*TASK DETAILS*.
Would you give the listing again exactly, without its images?

*DATA SHOWN*.
————————

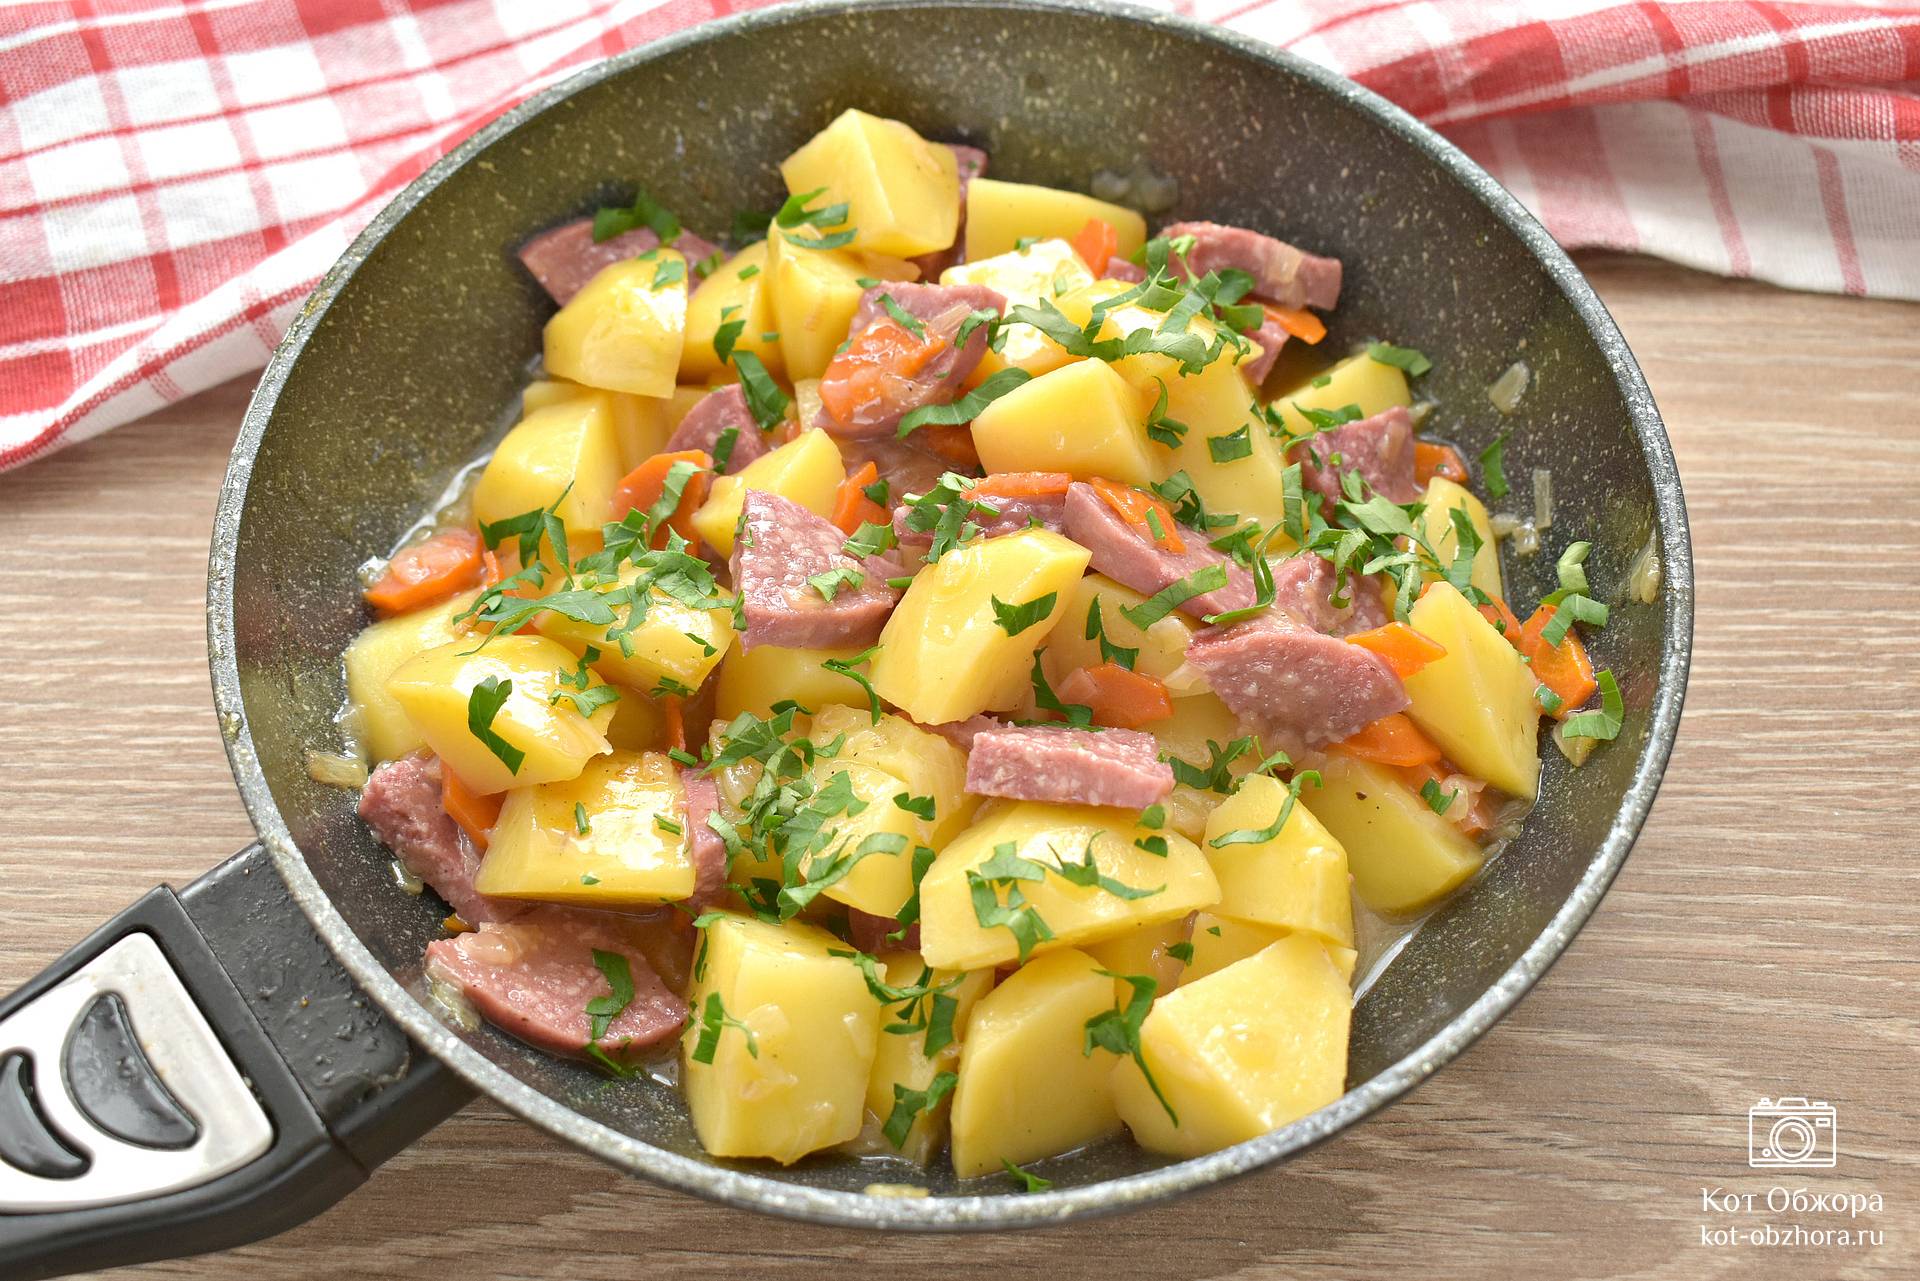 Сочная тушеная картошка с мясом в бульоне
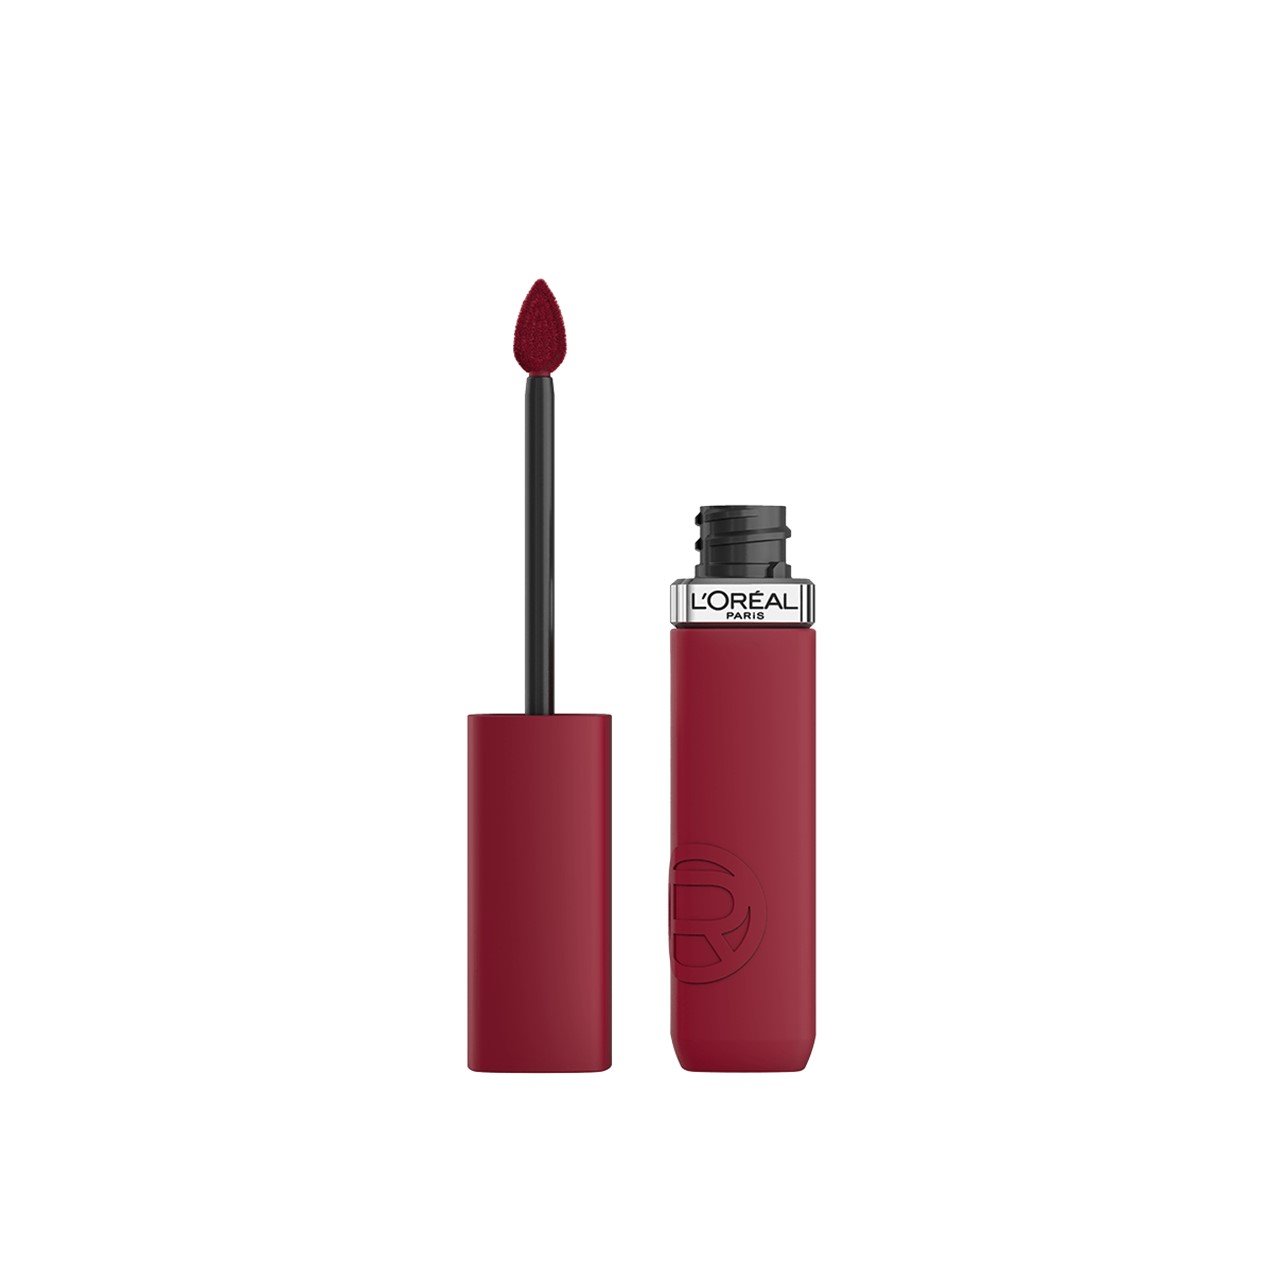 L'Oréal Paris Infallible Matte Resistance Liquid Lipstick 500 Wine Not 5ml
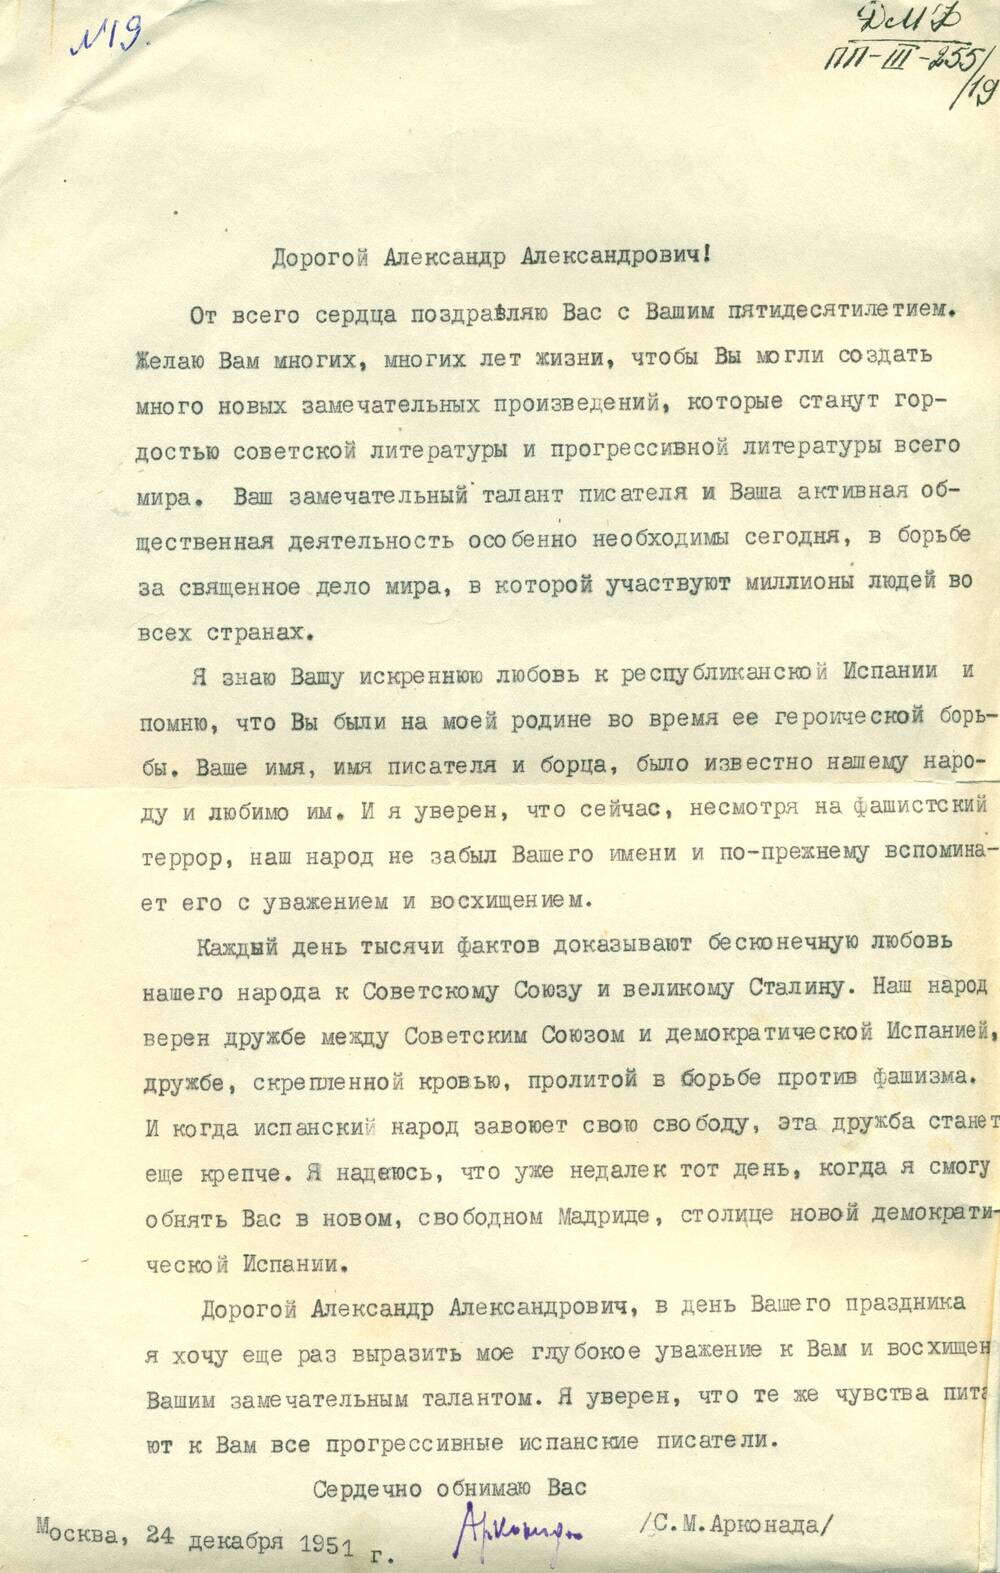 Письмо от С.М. Арконада - Фадееву А.А., поздравление с 50-летием

————————

*OUTPUT OF THE EXERCISE*.
 Сочная тушеная картошка с мясом в бульоне
 L'Oréal Paris Infallible Matte Resistance Liquid Lipstick 500 Wine Not 5ml
 Письмо от С.М. Арконада - Фадееву А.А., поздравление с 50-летием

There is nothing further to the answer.